Touché Task 2: Comparative Argument Retrieval - Mercutio

Install docker and get a api key from Chat Noir.


Build the docker image with

docker build . -t mercutio -f docker/Dockerfile

Afterwards, run it with:

docker run -e "CHAT_NOIR_API_KEY=$CHAT_NOIR_API_KEY" mercutio:latest

The api key needs to be set as an environment variable or replaced in the line above.
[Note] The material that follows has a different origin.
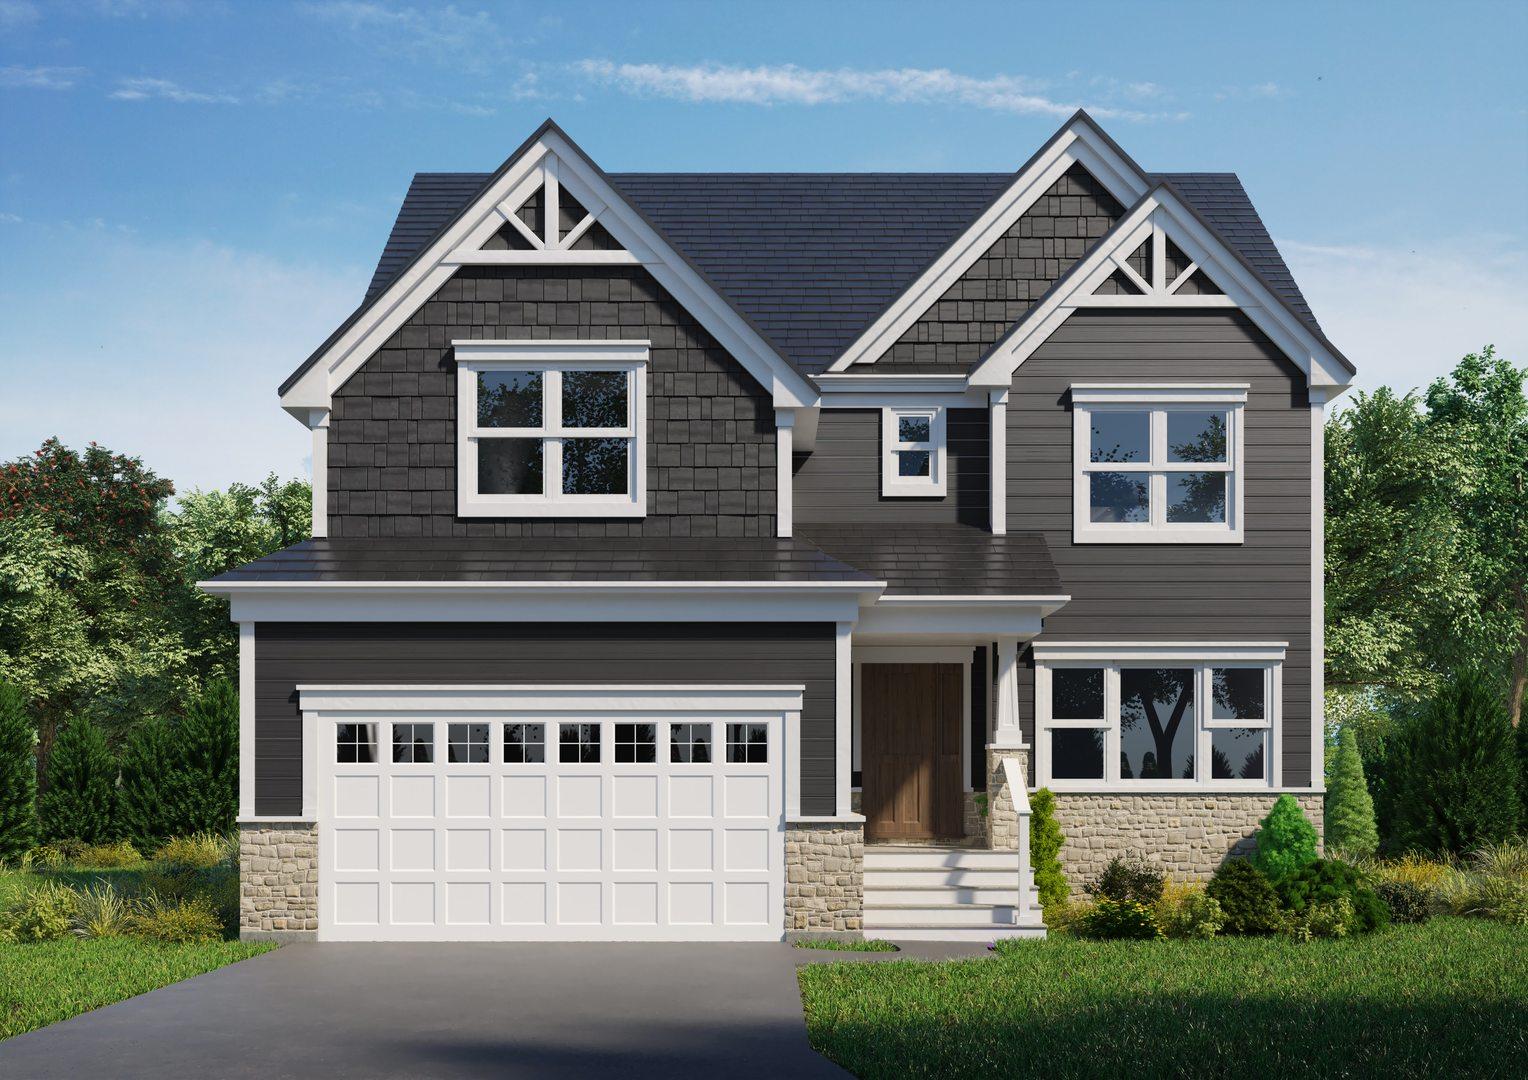 505 E Forest (Build) Avenue E, Des Plaines, IL 60018

To specify a custom config (e.g. configs/baseline.yaml), use:

docker run -e "CHAT_NOIR_API_KEY=$CHAT_NOIR_API_KEY" -v $(pwd)/configs/baseline.yaml:/app/config.yaml mercutio:latest

Instead of building the docker image on your own, you can also use one from that we uploaded there. Download it with:

docker pull procrastimax/mercutio

All available options can be listed with --help:

usage: [-h] [--config CONFIG] [--limit-topics LIMIT_TOPICS] [--single-topic SINGLE_TOPIC] [--judge]
               [--identifier IDENTIFIER] [--trec TREC]

optional arguments:
  -h, --help            show this help message and exit
  --config CONFIG, -c CONFIG
                        Path to the configuration file
  --limit-topics LIMIT_TOPICS, -l LIMIT_TOPICS
                        Only process first n topics
  --single-topic SINGLE_TOPIC, -t SINGLE_TOPIC
                        Only process a single topic specified by this number. This parameter is only used if the '--
                        limit-topics' parameter is not set! Valid topic numbers: 1-50
  --judge, -j           If this flag is set, than the judgement/ reevalation pipeline is started. Combine this flag
                        with the '-l' parameter to only judge the given topic.
  --identifier IDENTIFIER, -i IDENTIFIER
                        If this flag is set the topics are loaded from a the given identifier (e.g test). NOTE: The
                        pipeline steps are executed regardless, so make sure the correct steps are set in the
  --trec TREC           Writes a trec file with the whole ranking


Run pipenv run src/ -i v0 for evaluating the ranking with the name v0. It generates various metrics and writes files into evaluation/.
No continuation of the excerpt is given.